■ PROVIDED RECORDS:

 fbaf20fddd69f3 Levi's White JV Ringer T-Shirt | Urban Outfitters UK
--
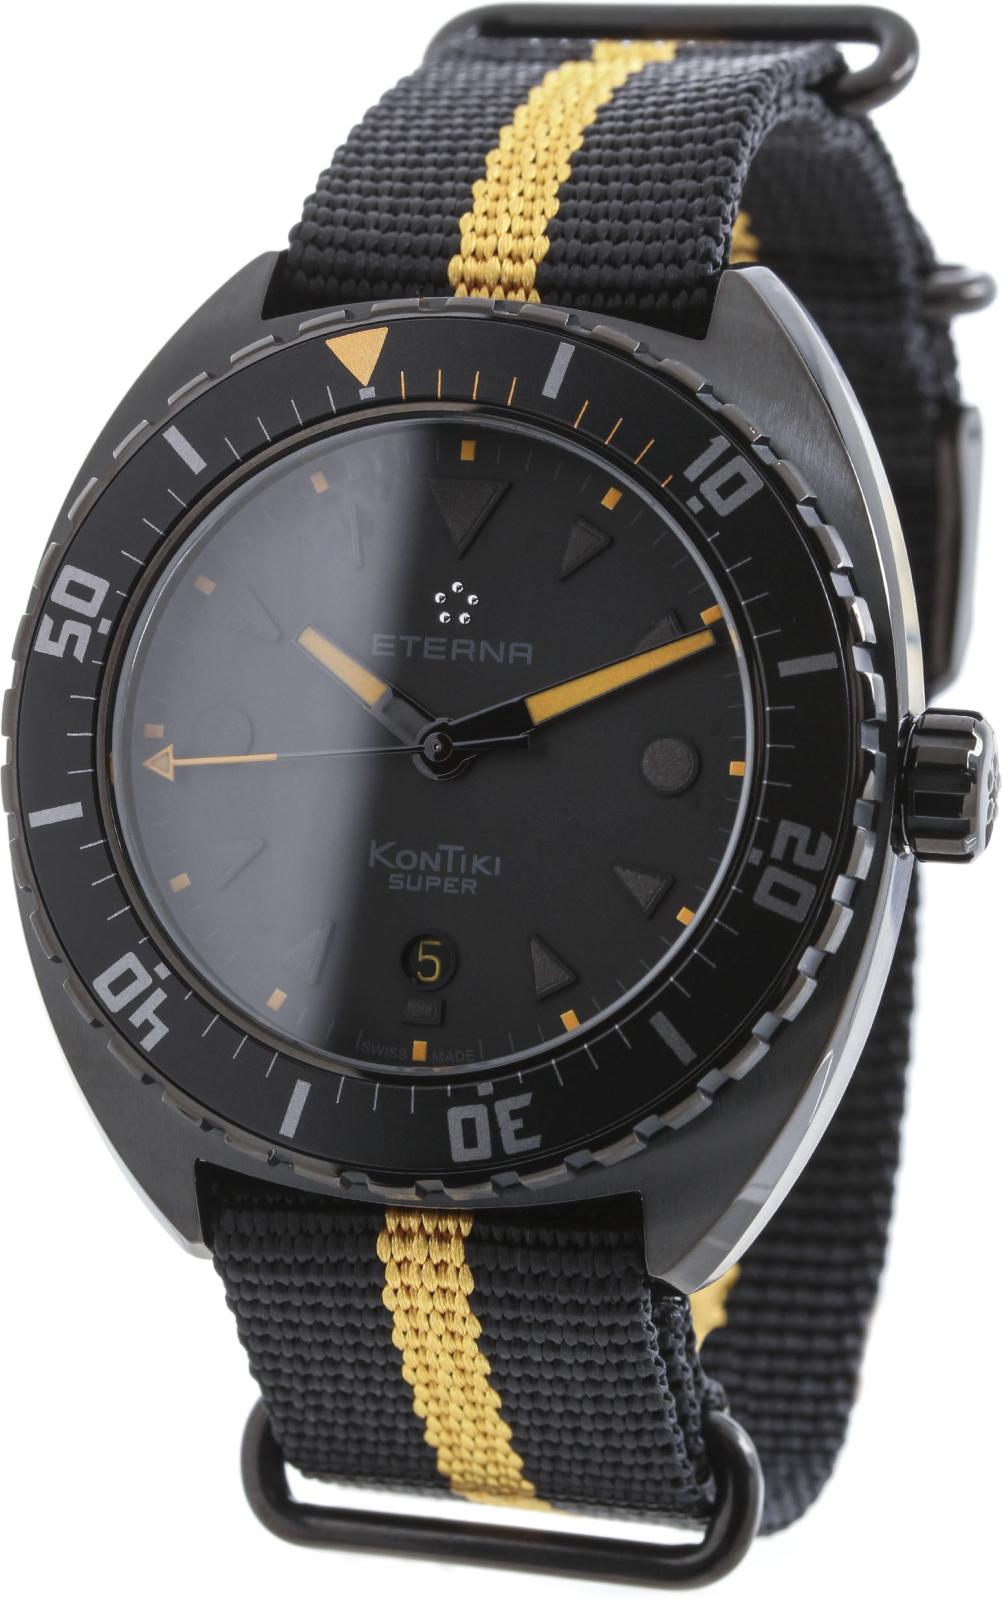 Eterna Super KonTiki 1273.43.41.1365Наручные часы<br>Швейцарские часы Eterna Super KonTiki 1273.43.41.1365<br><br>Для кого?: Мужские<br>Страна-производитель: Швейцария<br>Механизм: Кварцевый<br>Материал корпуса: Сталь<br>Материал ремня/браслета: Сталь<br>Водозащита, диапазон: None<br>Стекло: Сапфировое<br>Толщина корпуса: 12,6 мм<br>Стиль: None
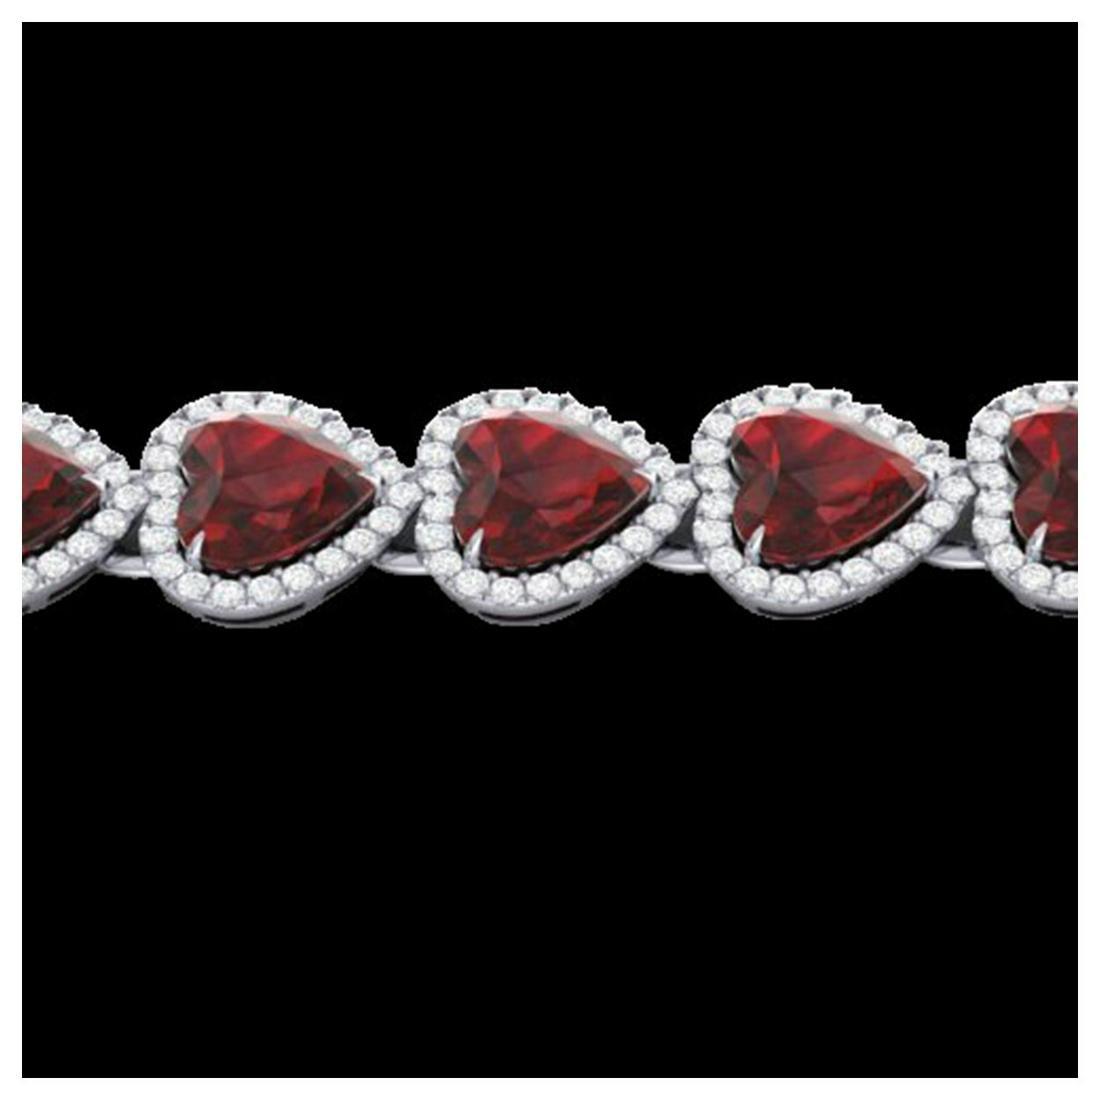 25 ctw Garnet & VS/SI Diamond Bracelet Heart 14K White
--
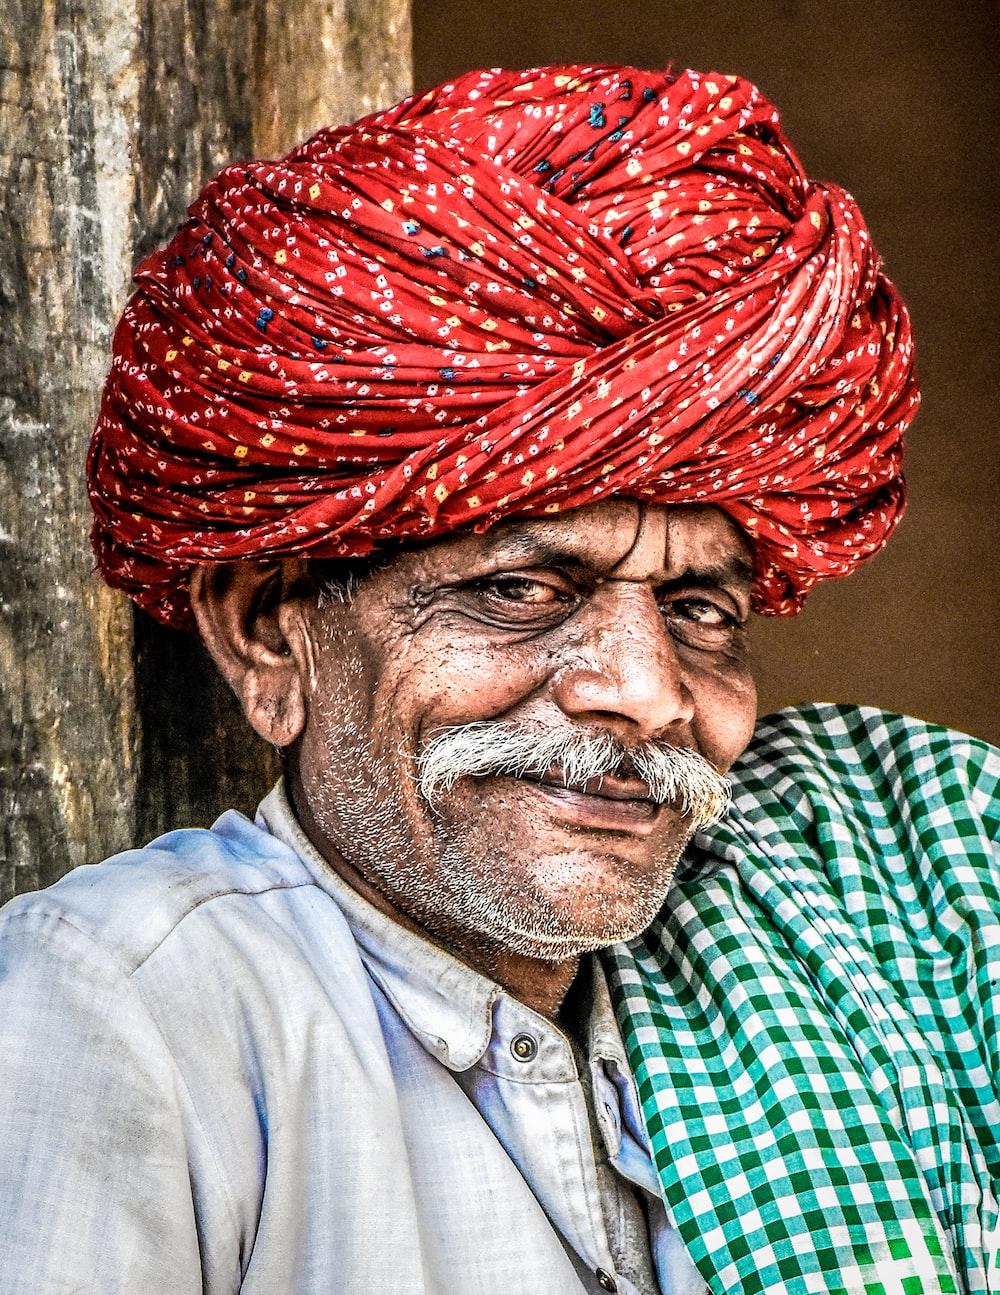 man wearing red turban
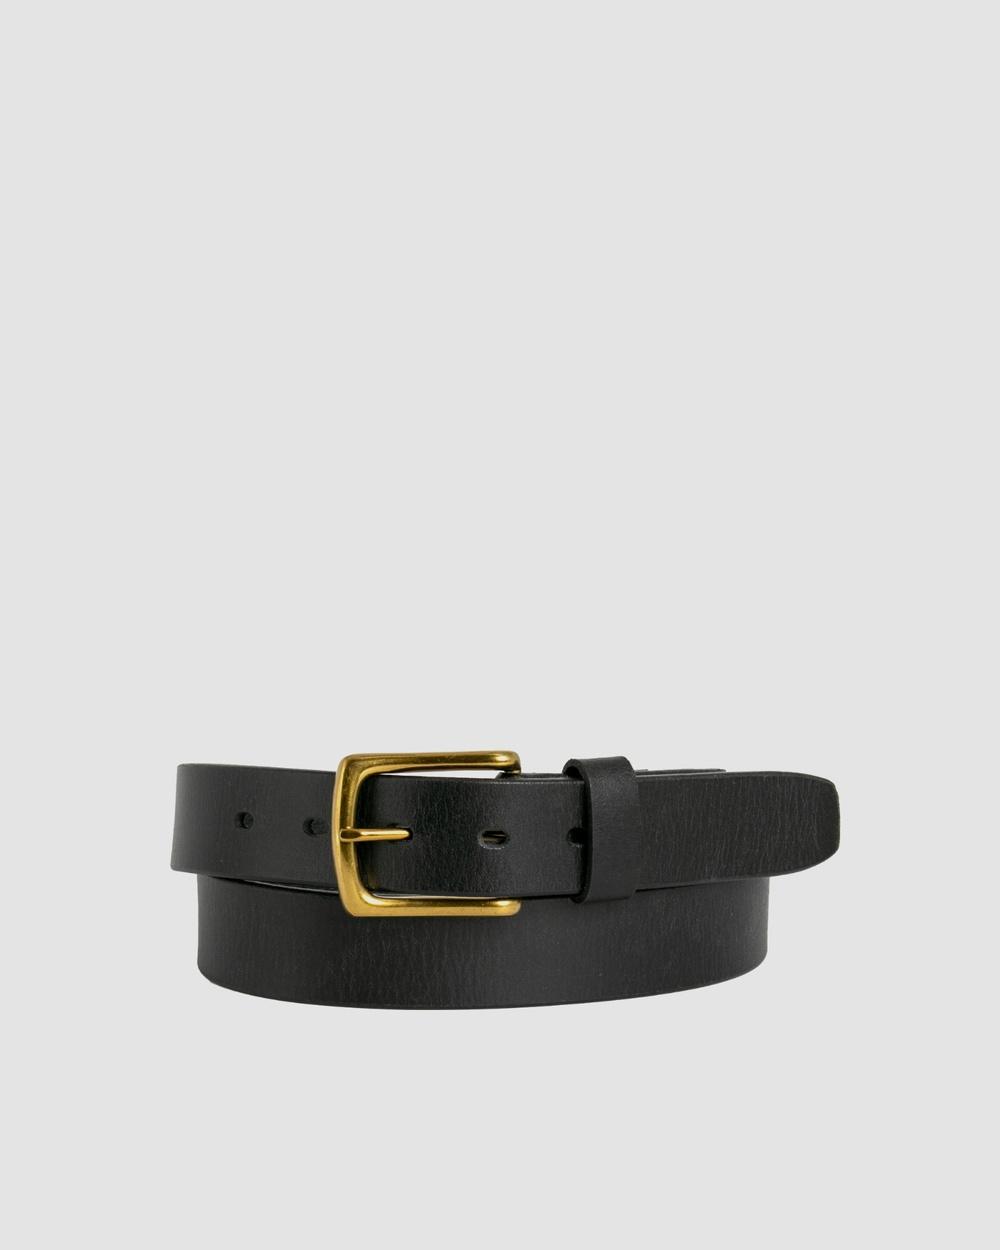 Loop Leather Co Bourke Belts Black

■ TASK TO COMPLETE: Find the line with "man wearing red turban" and the line with "Loop Leather Co Bourke Belts Black" in the records above. Copy both and all lines between them exactly, without pictures.

■ SOLUTION FOR THIS PROBLEM:
 man wearing red turban
 Loop Leather Co Bourke Belts Black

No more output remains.